The RIDGE_REGRESSION command estimates a linear regression model with an L2 penalty. Ridge regression is useful when explanatory variables are highly correlated, when ordinary least squares coefficients are unstable, or when the goal is to reduce overfitting.

The command compares the ridge coefficients with the ordinary least squares coefficients and reports model diagnostics such as R-squared, adjusted R-squared, RMSE, MAE, condition number, and Durbin-Watson. It also creates a ridge trace chart showing how each coefficient changes as the penalty parameter lambda increases.

Example

RIDGE_REGRESSION(LOGDIFF(LIST(UMCSENT,U6RATE,UNRATE,TCU,TTLCONS)))
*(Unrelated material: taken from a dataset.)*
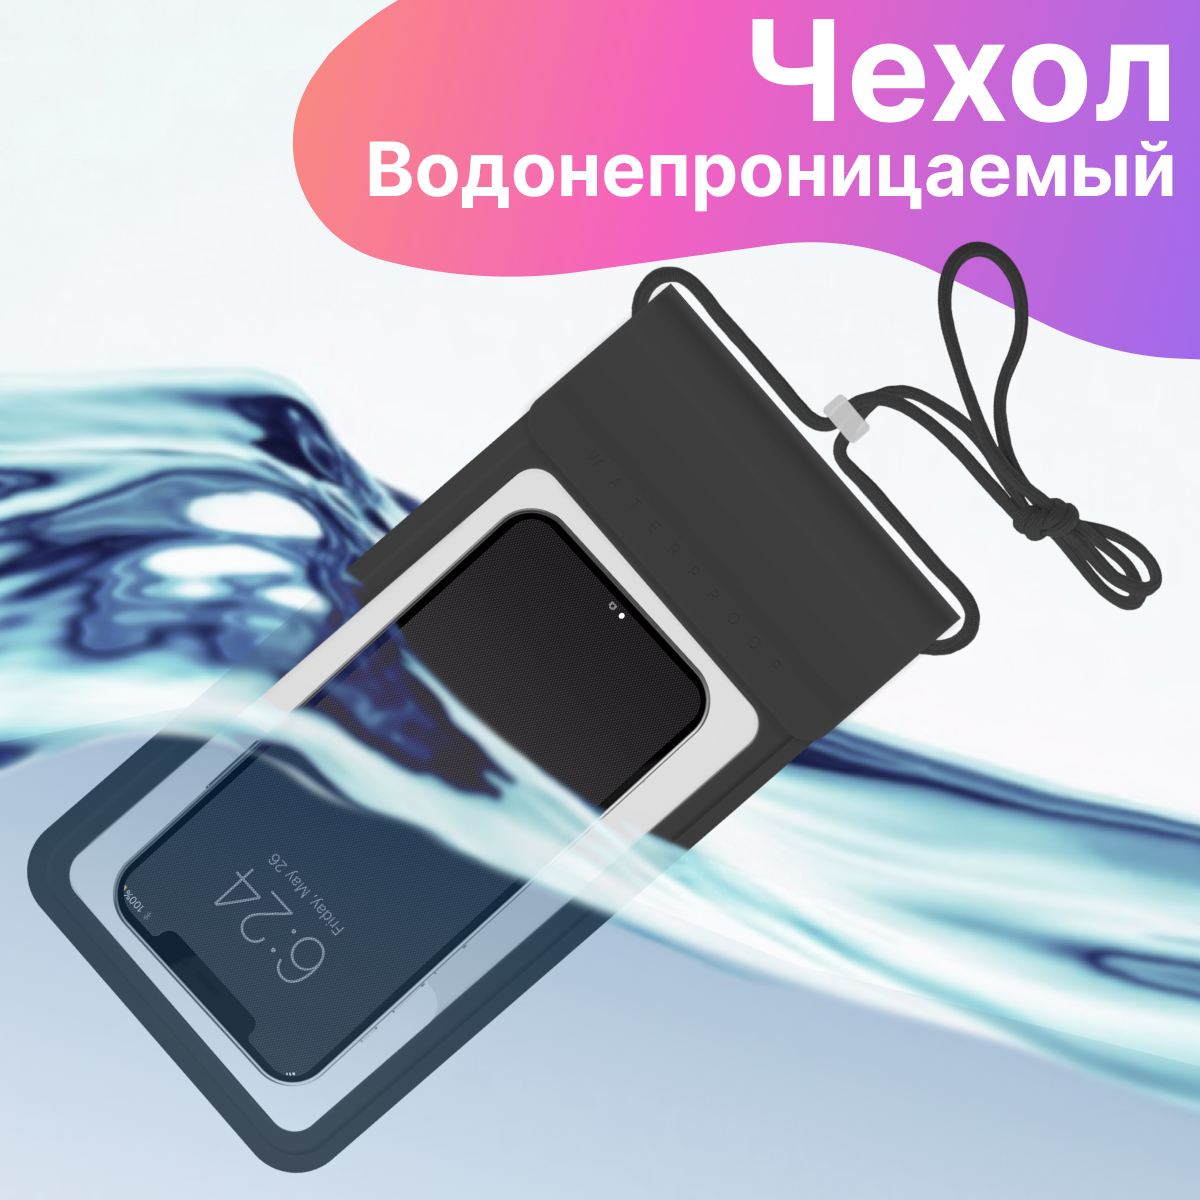 Универсальный водонепроницаемый кейс для телефона со шнурком / Непромокаемый чехол для подводной съемки / Аквакейс для смарфона герметичный (Черный)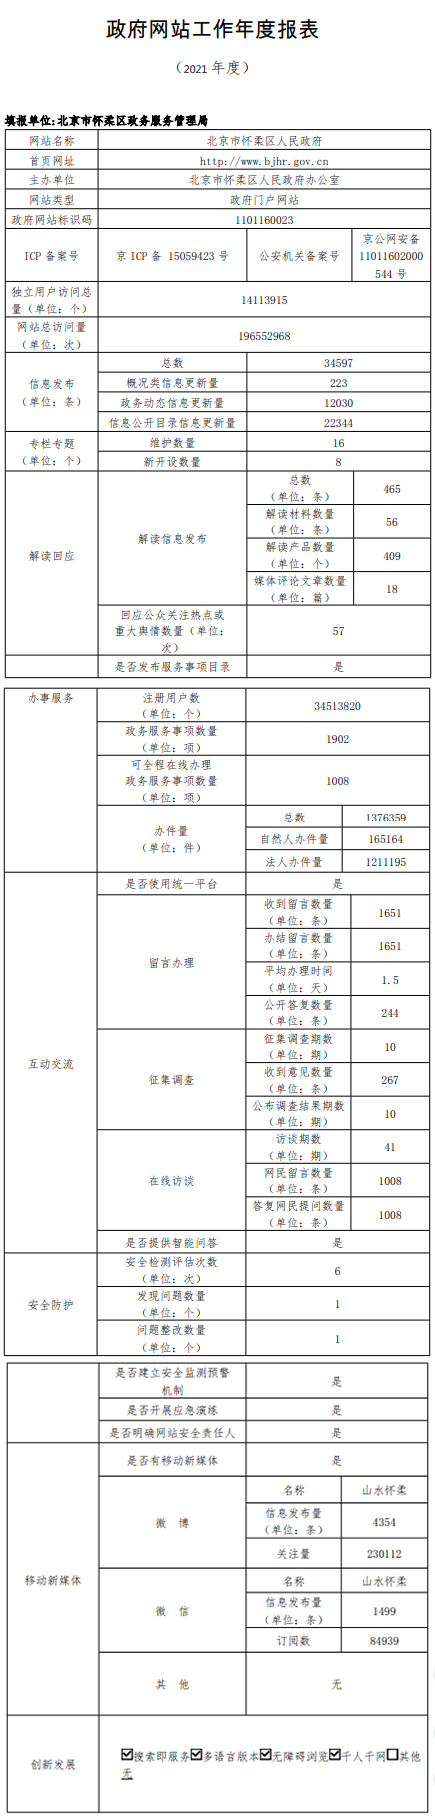 北京市懷柔區人民政府2021年政府網站年度工作報表

This example estimates a ridge regression model using the log differences of consumer sentiment, U-6 unemployment, unemployment, capacity utilization, and construction spending. The first series in the list is treated as the dependent variable. The remaining series are used as explanatory variables.

Syntax

RIDGE_REGRESSION(seriesList)

The input must be a DataSeriesList. The first series is the dependent variable, and all remaining series are independent variables.

Lambda Selection

The command searches across a fixed grid of lambda values:

0.0001, 0.001, 0.01, 0.1, 1.0, 10.0, 100.0, 1000.0

For each lambda, the model is re-estimated. The selected model is the one with the lowest RMSE. A larger lambda applies more shrinkage to the coefficients, while a smaller lambda behaves more like ordinary least squares.

Output

Interpretation

Ridge regression stabilizes coefficient estimates by penalizing large coefficients. This is especially helpful when economic or financial series move together and ordinary regression assigns unstable weights to related variables.

The ridge trace chart is often the most useful diagnostic. If coefficients change sharply at very small lambda values, the original regression may be unstable. If coefficients become smoother as lambda rises, ridge regression is reducing sensitivity to multicollinearity.

The condition number helps identify whether the explanatory variables are close to linearly dependent. A high condition number suggests that ordinary least squares coefficients may be unreliable.